Though all four actors acquit themselves well, it’s the young Paltrow, in an extremely early role, that gives Flesh and Bone a sense of danger and instability that it sorely needs. While Quaid, Ryan, and Caan are all playing characters who are marching inexorably toward a confrontation over two decades in the making, Paltrow is a true wild card, sexy and mischievous yet unpredictable in how she works through this situation. Kloves may be leaning heavily on films like The Last Picture Show and In Cold Blood, but Flesh and Bone is a noir at heart, and it needs to have the urgency that Paltrow provides. (Though it seems likely that Paltrow was destined to stardom one way or another, her performance here led to her scoring the title role in Emma.) Ryan was looking to shake her rom-com reputation by playing a more troubled flibbertigibbet here, but she’d make a deeper impression later in Jane Campion’s 2003 film In the Cut, another film I and many others underrated at the time.
In a long, excellent profile by Michael Sragow in Salon back when Wonder Boys came out, Kloves singles out the 19-year-old Paltrow’s performance, too—“I wish I’d had 120 pages with her,” he notes—but blames himself for losing his nerve and not being truer to his vision of the script. Flesh and Bone was a bitter disappointment and a sad one, too, because his producing partner, Mark Rosenberg, died of a heart attack on location. Kloves stopped writing for three years altogether until his inner Frank Baker, the pragmatist raising a young daughter, led him to clock back in again with Chabon’s novel. And so he turned the page, seemingly putting an end to a promising directorial career that ended 30 years ago, after two good films. On balance, Hollywood is poorer for it.
It is a shame Kloves hasn’t done more directing. I was interested when he opted to pass on “Order of the Phoenix” in order to make his version of Mark Haddon’s “The Curious Incident of the Dog in the Night Time” but regretful it didn’t come to pass. “Baker Boys” and “Flesh and Bone” certainly showed he had the stuff. I always prefer the movies, but as someone else observed maybe Kloves would do wonders with a short series on a streaming service. (Here’s looking at you, A. Cuaron!)

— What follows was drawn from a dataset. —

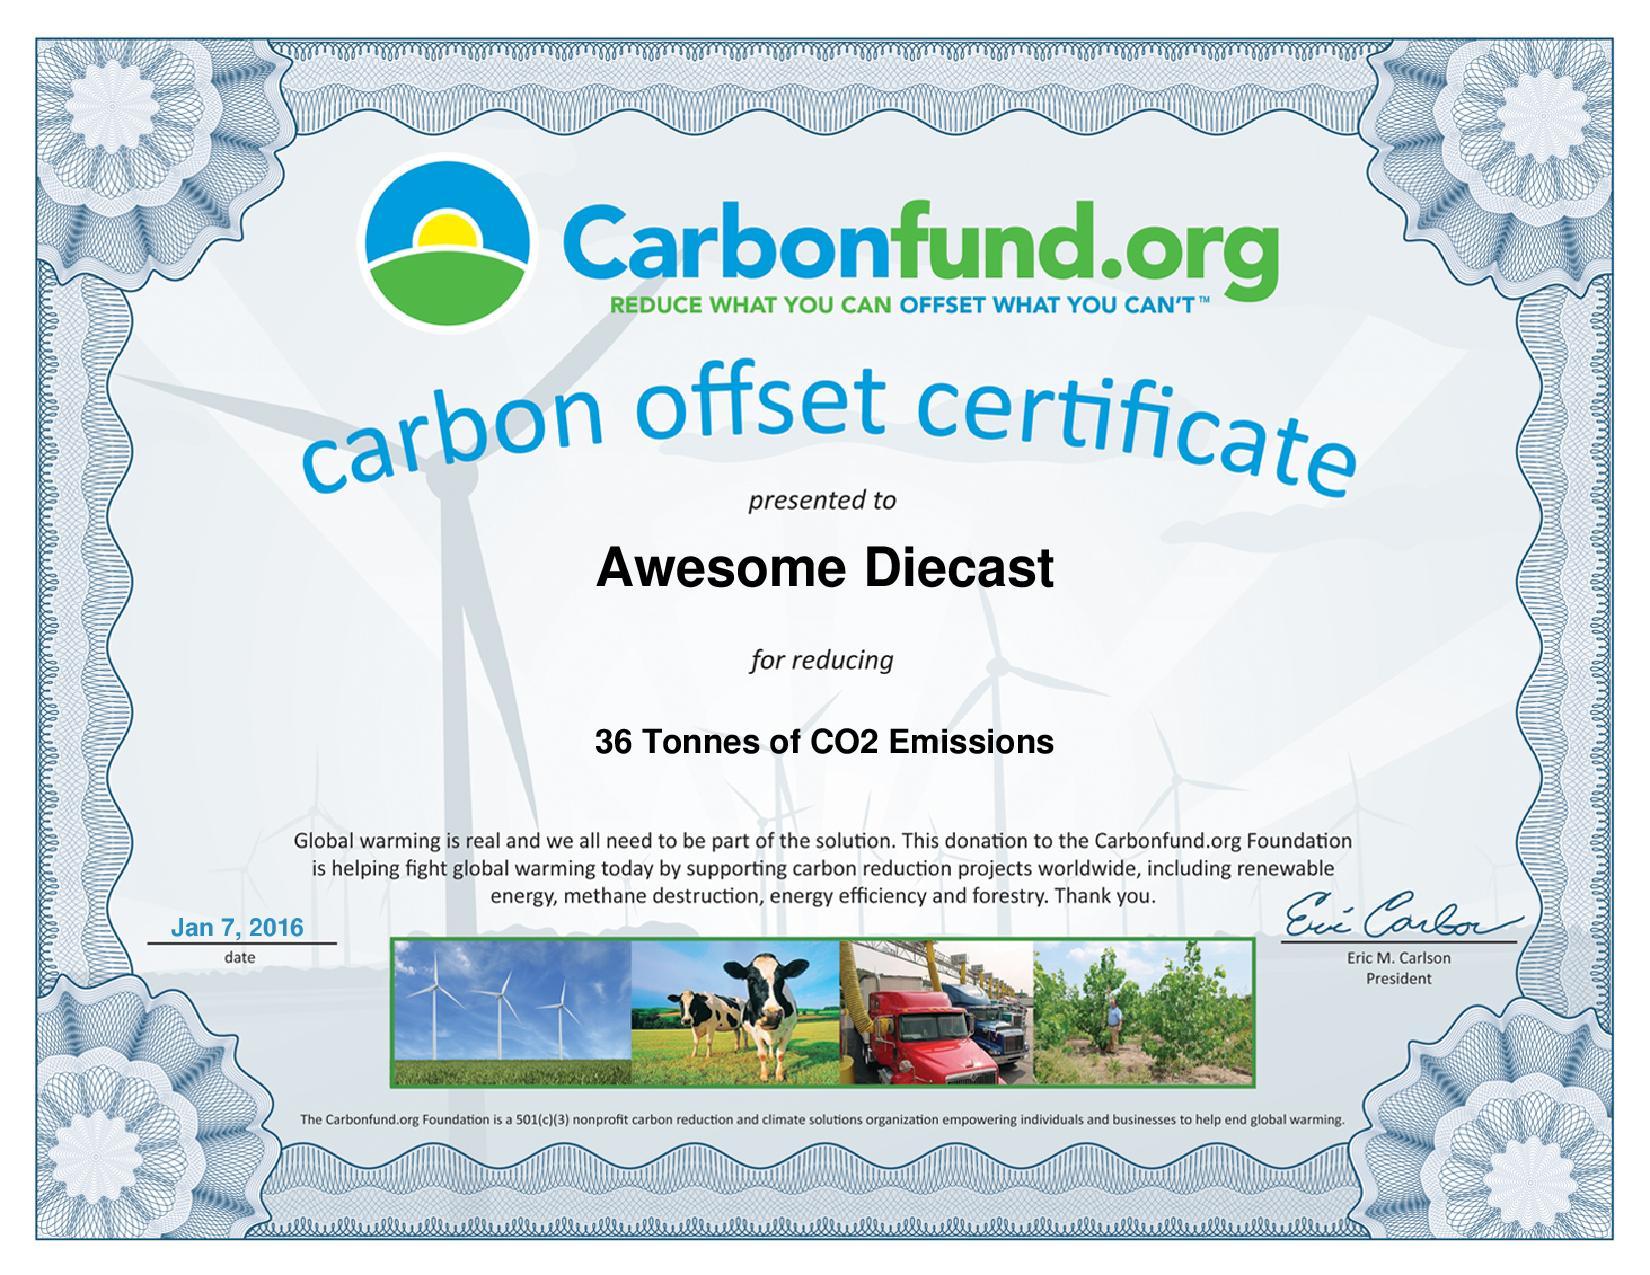 carbonfundorg-certificate-page-001-1-.jpg
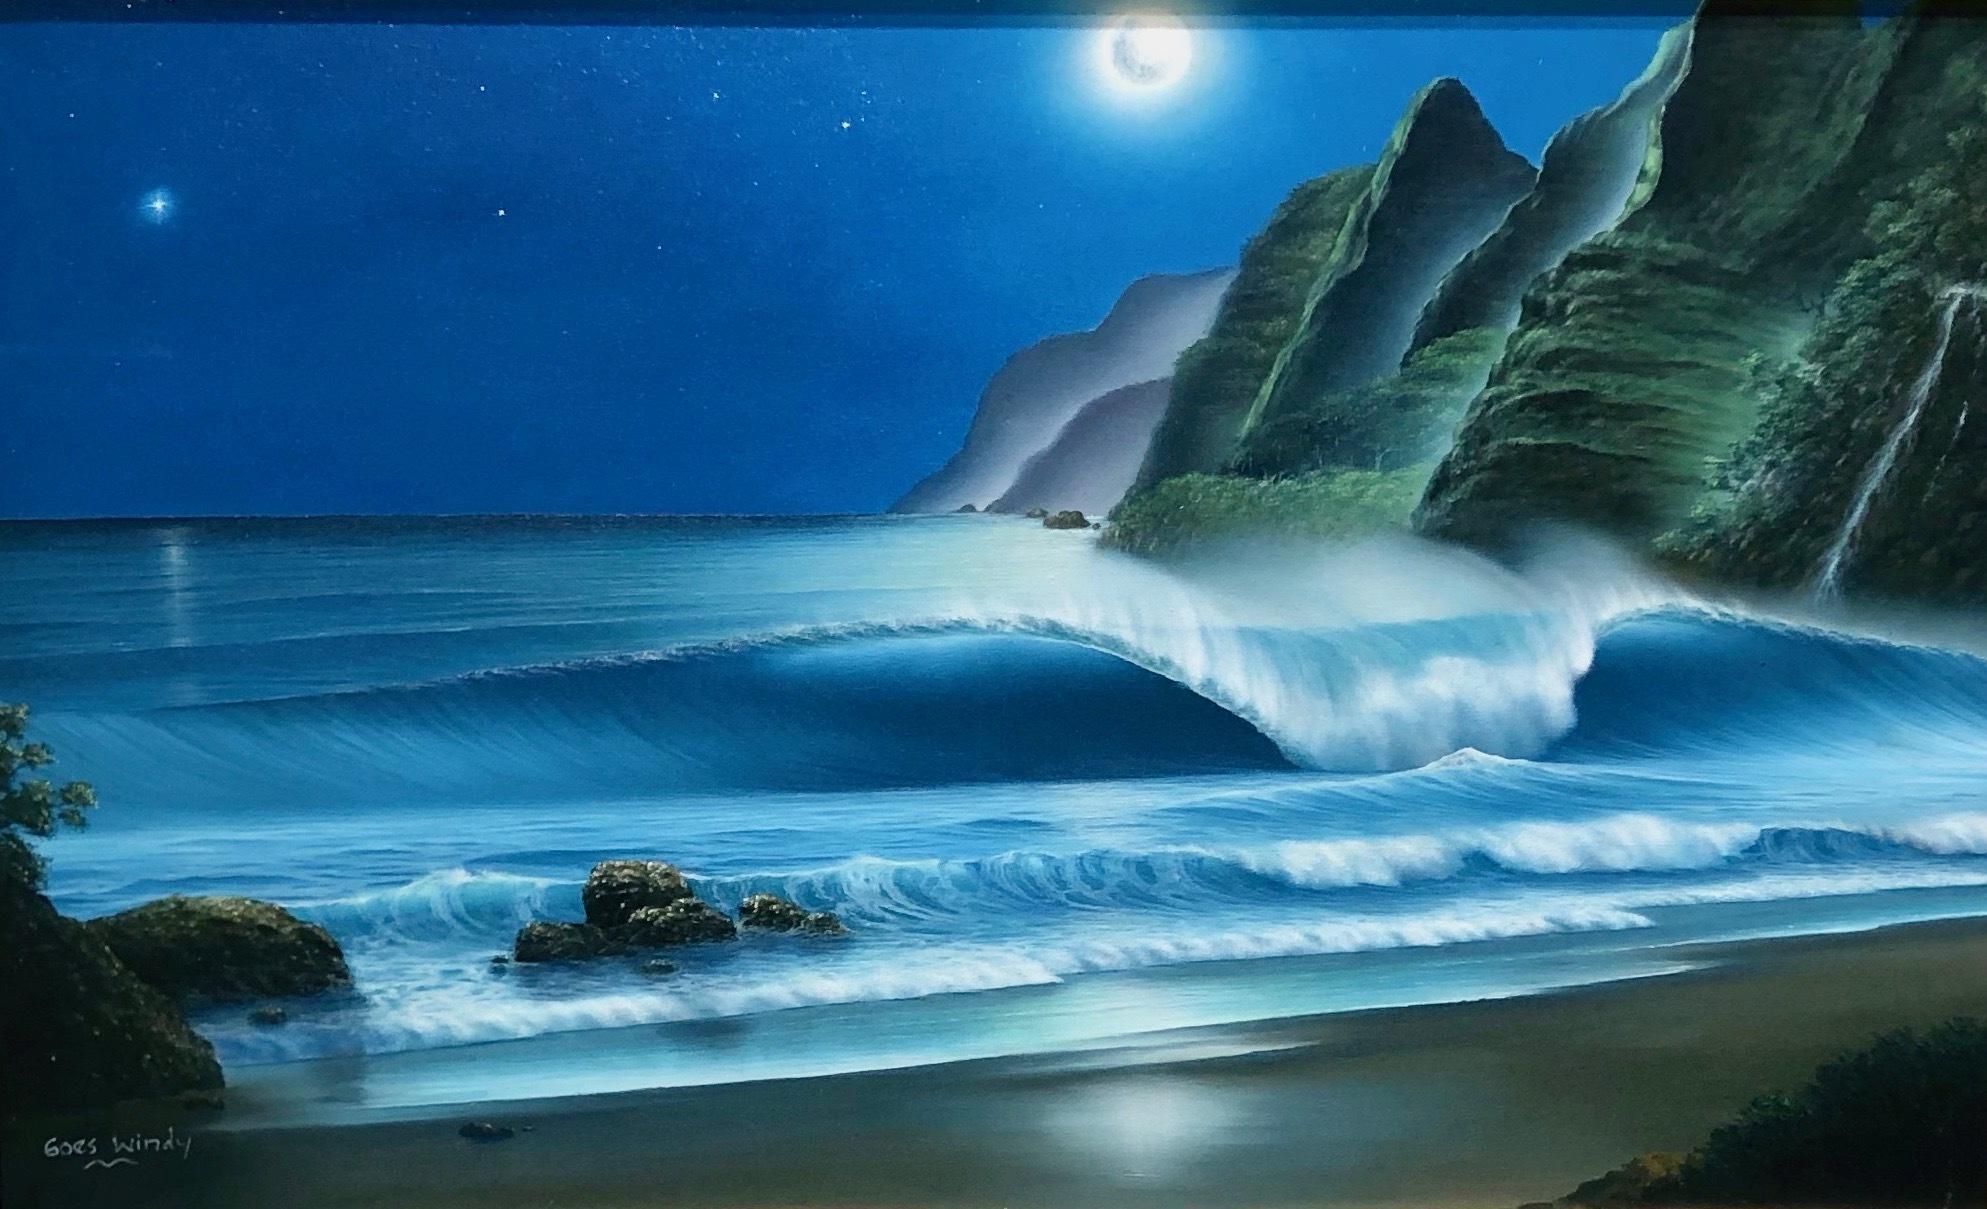 Dreamland Wave Art 特別製作品

Also, you may see it as wasting talent to work on the Potter series, but I see him as responsible for making it work on film as often as it did. Consider the worst movies in the “Potterverse” were ones he didn’t write. Talk about how a movie is only as good as its script!
It's nice to see you championing Kloves and his skills as a filmmaker. I just got around to seeing Flesh and Bone a couple years ago and I was really blown away by the subtle skill of the writing and filmmaking. It also made me wonder what happened to him. I hope he has the chance to return to filmmaking for himself and see what he can do. Some streamer needs to give him a smart, little show to run.